» Your goal
Repeat the data word for word, excluding every picture.

» Recorded data
----------
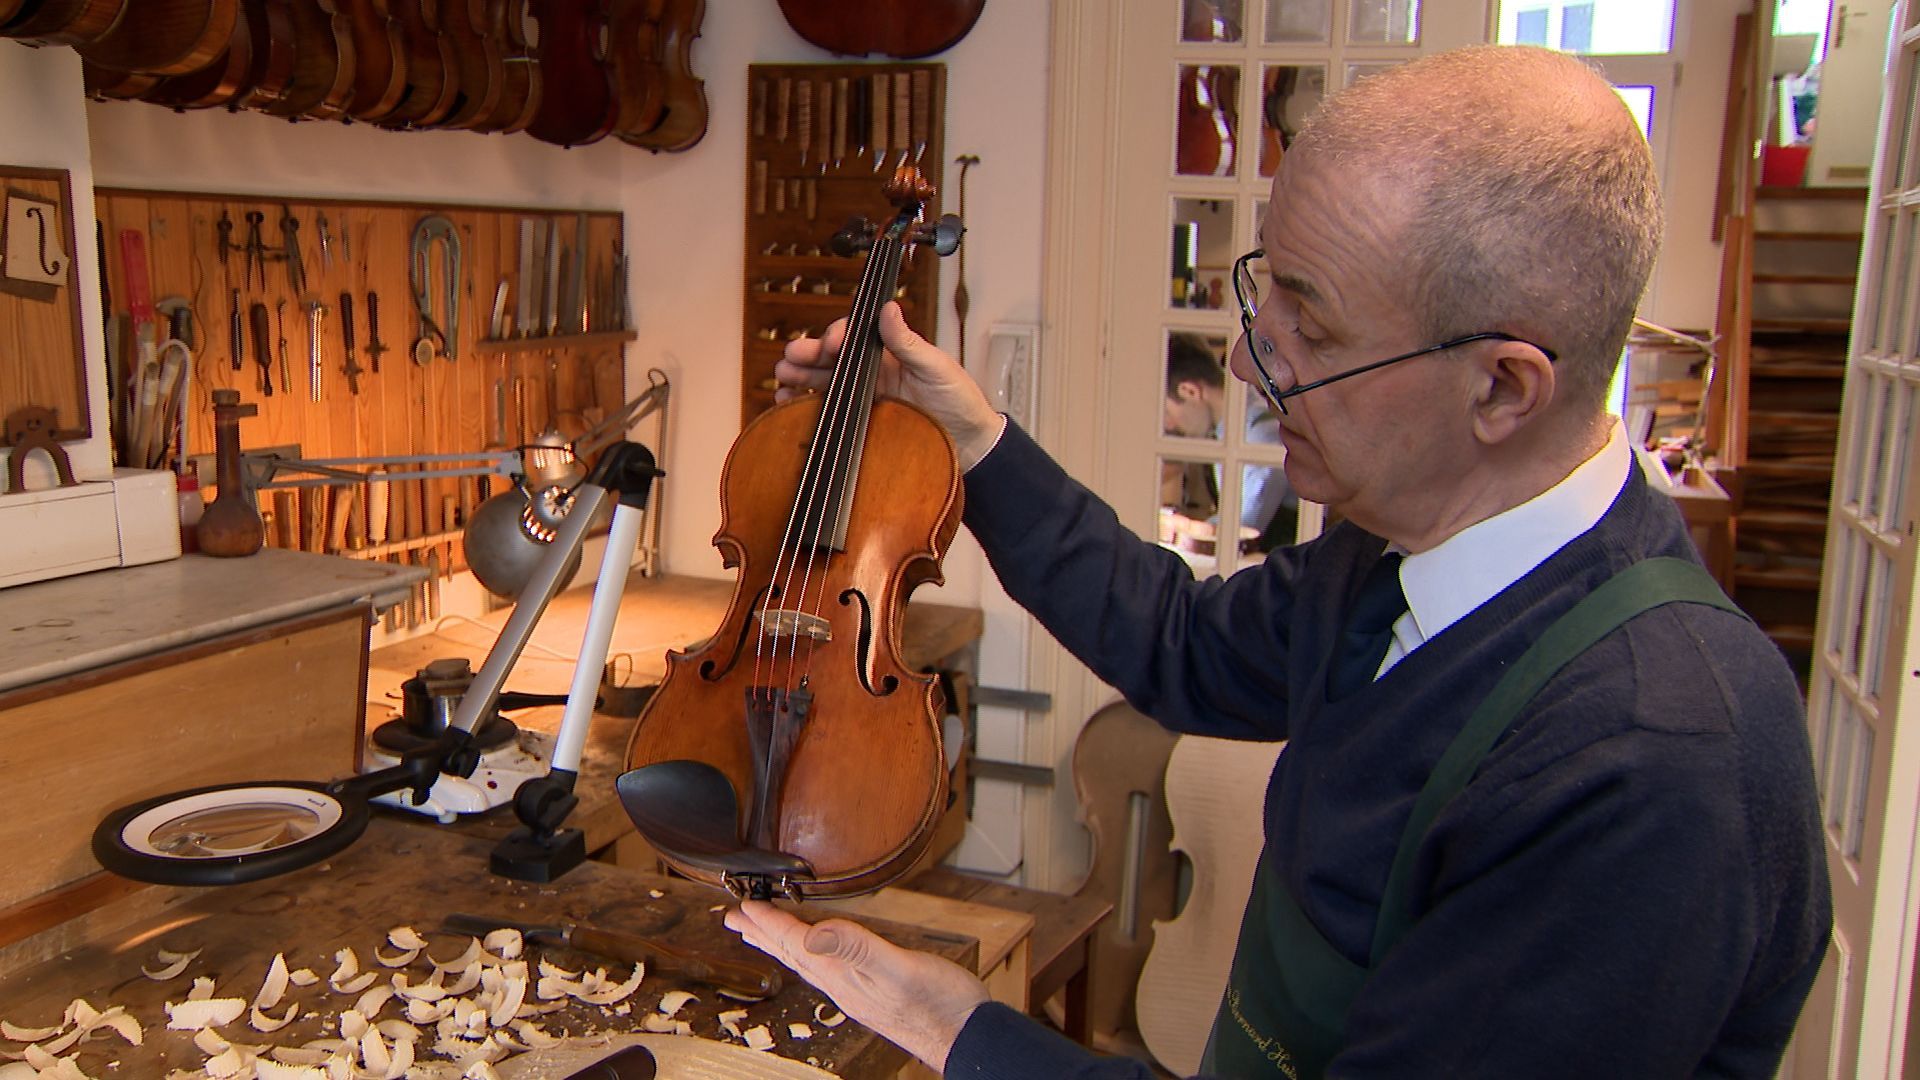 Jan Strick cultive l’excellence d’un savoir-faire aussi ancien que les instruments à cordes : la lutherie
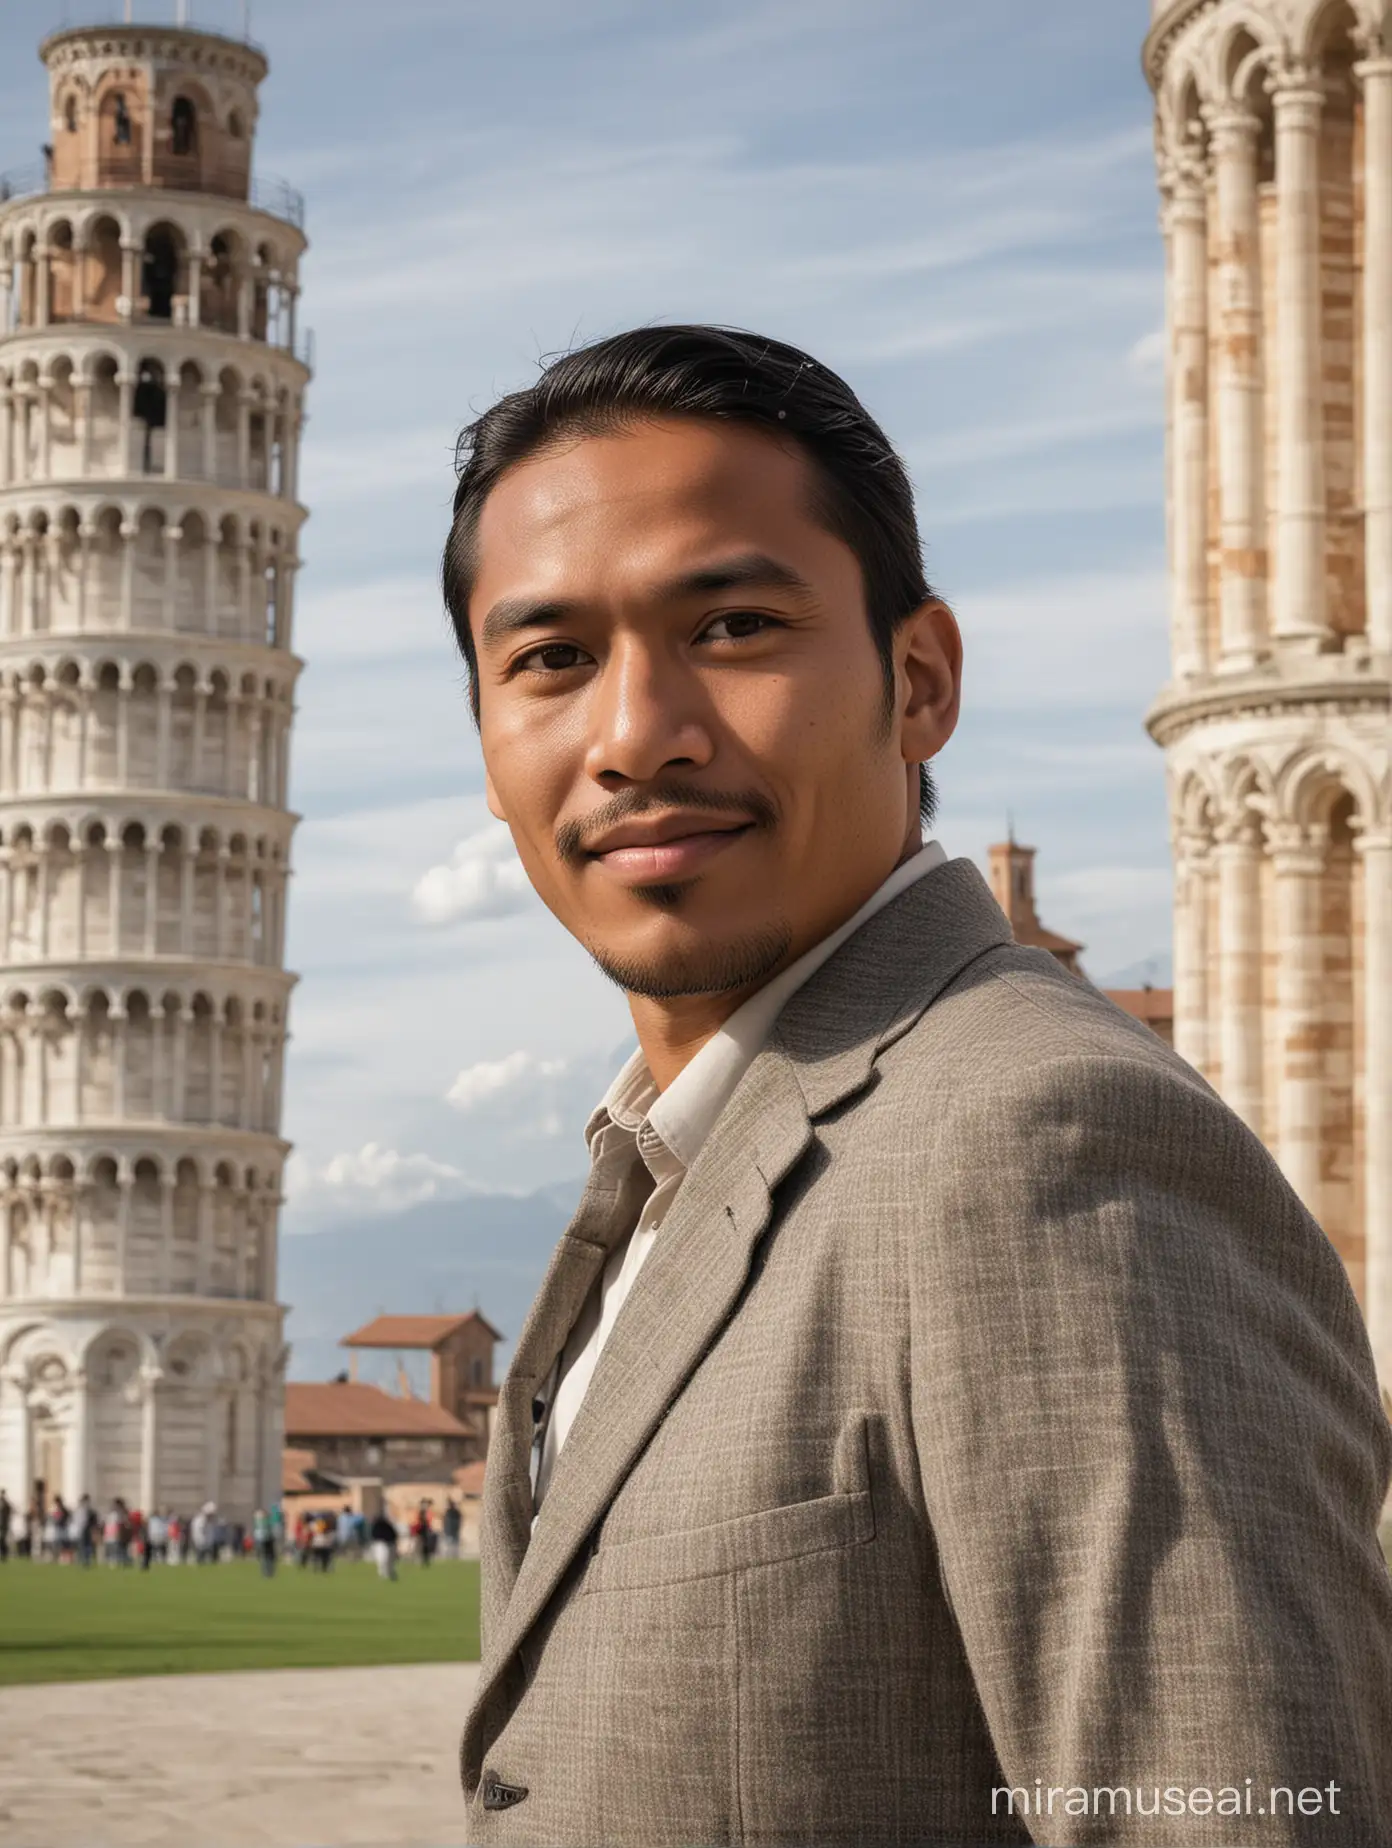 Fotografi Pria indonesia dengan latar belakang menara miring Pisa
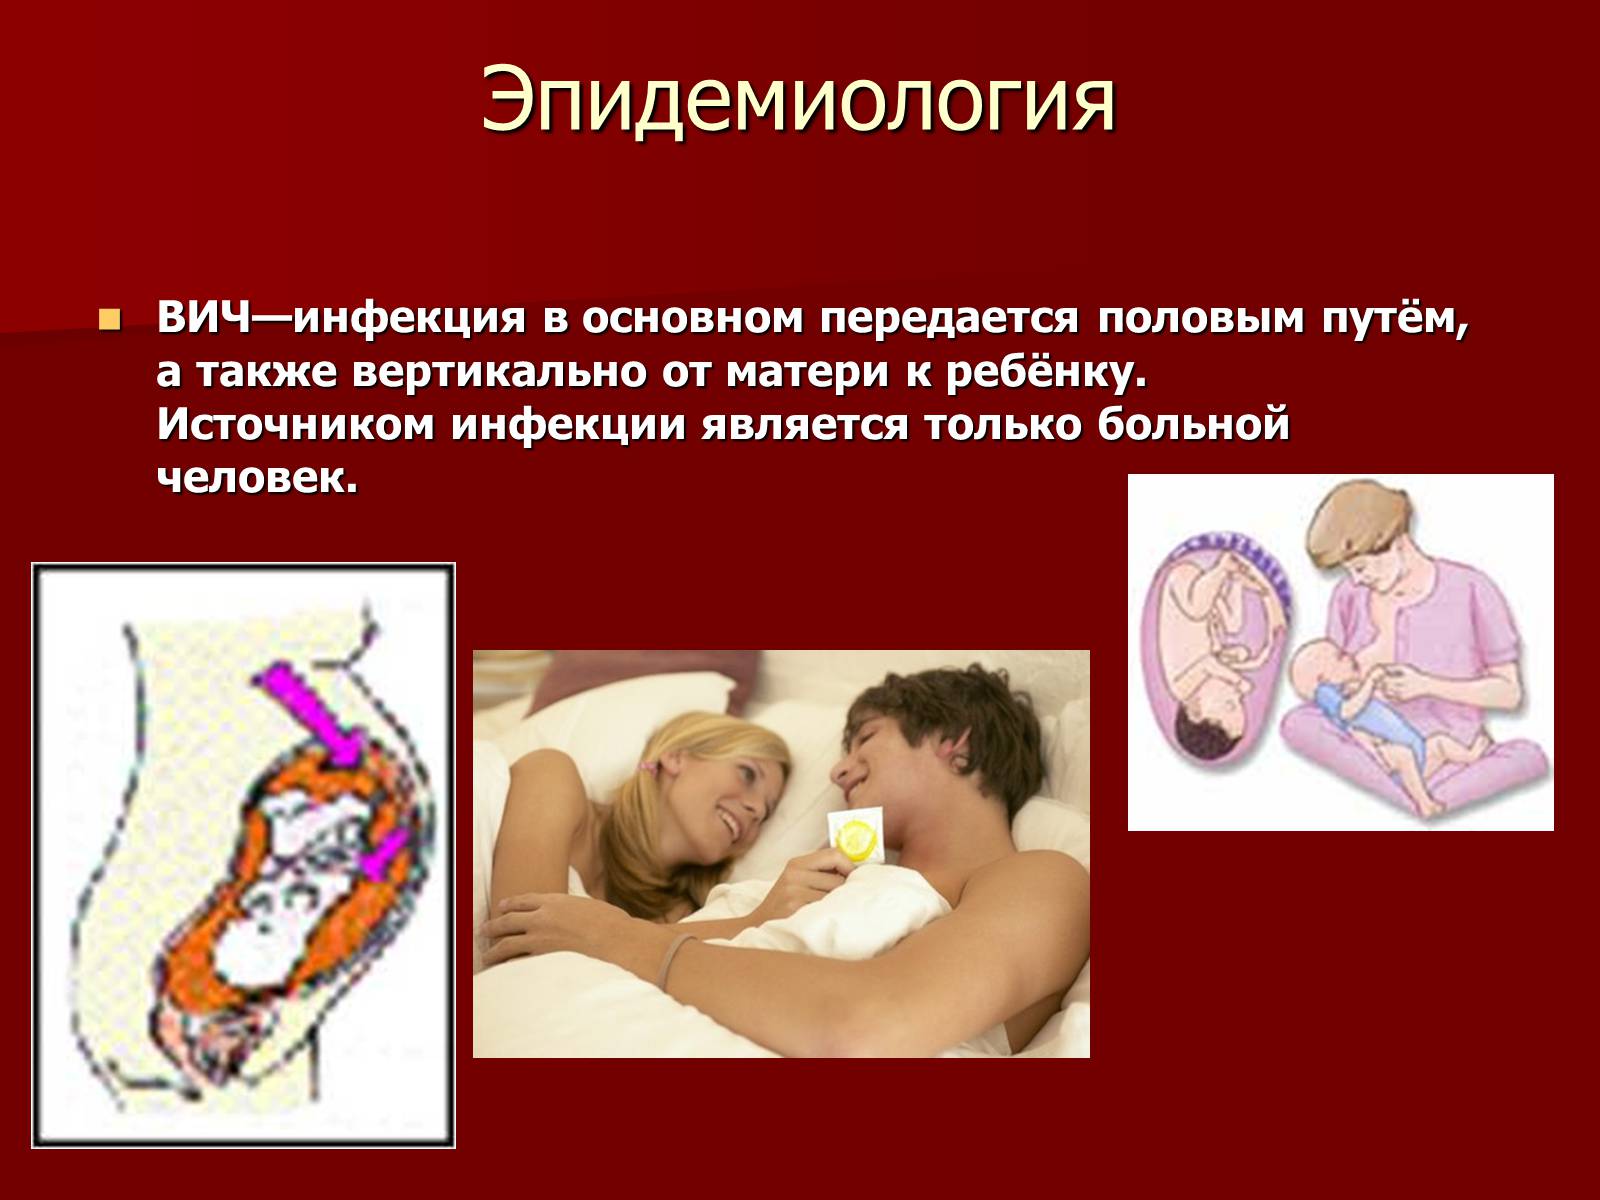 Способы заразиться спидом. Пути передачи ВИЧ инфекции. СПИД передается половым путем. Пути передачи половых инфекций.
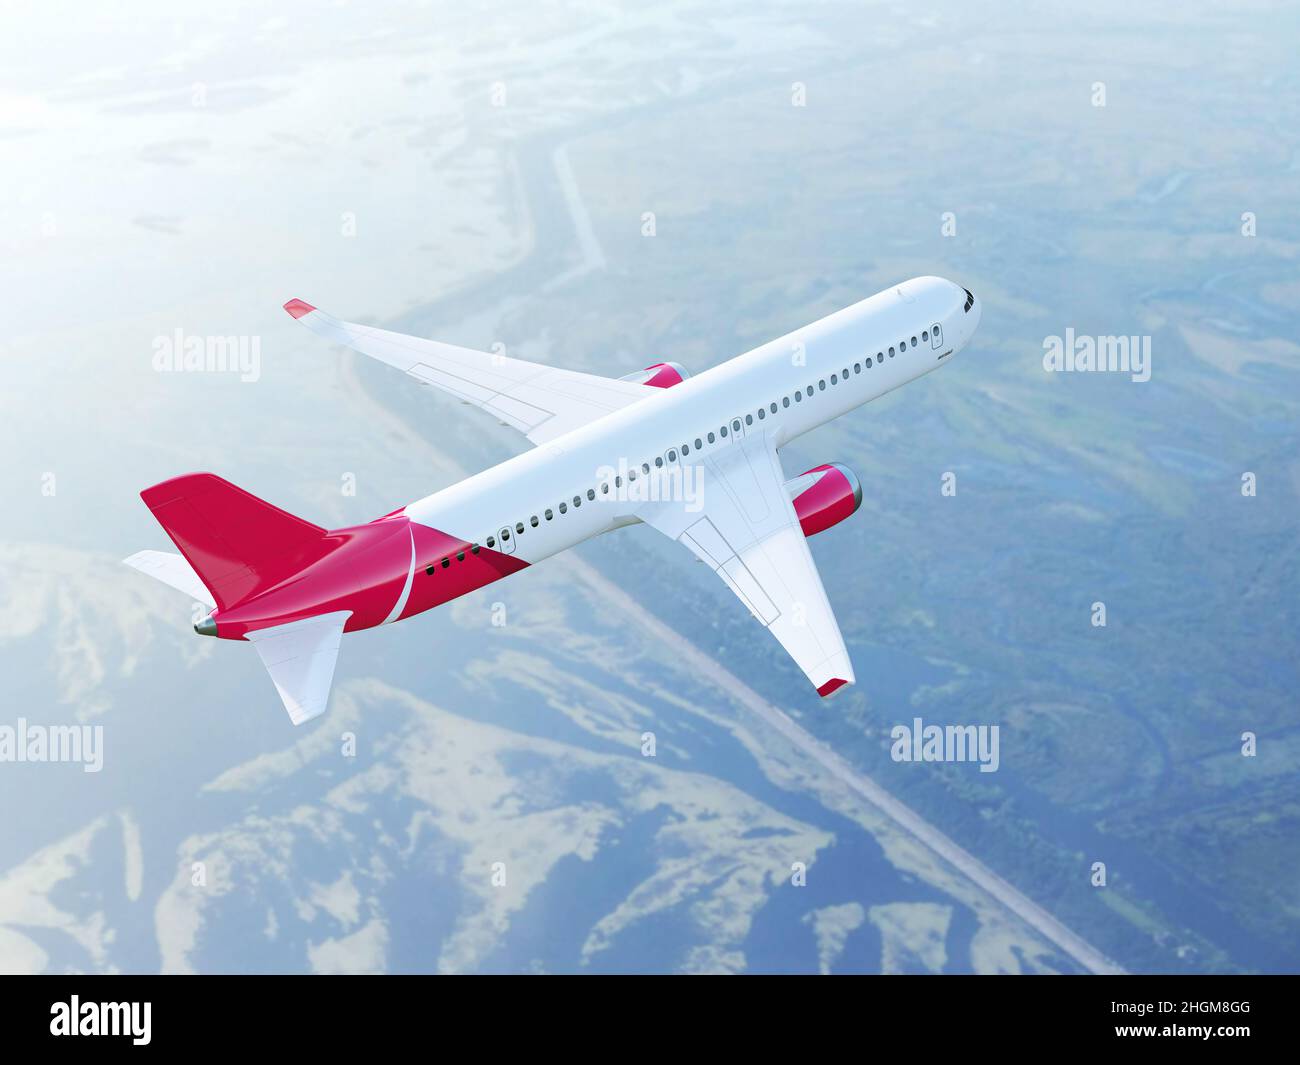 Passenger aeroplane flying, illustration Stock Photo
----------
» Solved exercise
 Jan Strick cultive l’excellence d’un savoir-faire aussi ancien que les instruments à cordes : la lutherie
 Fotografi Pria indonesia dengan latar belakang menara miring Pisa
 Способы заразиться спидом. Пути передачи ВИЧ инфекции. СПИД передается половым путем. Пути передачи половых инфекций.
 Passenger aeroplane flying, illustration Stock Photo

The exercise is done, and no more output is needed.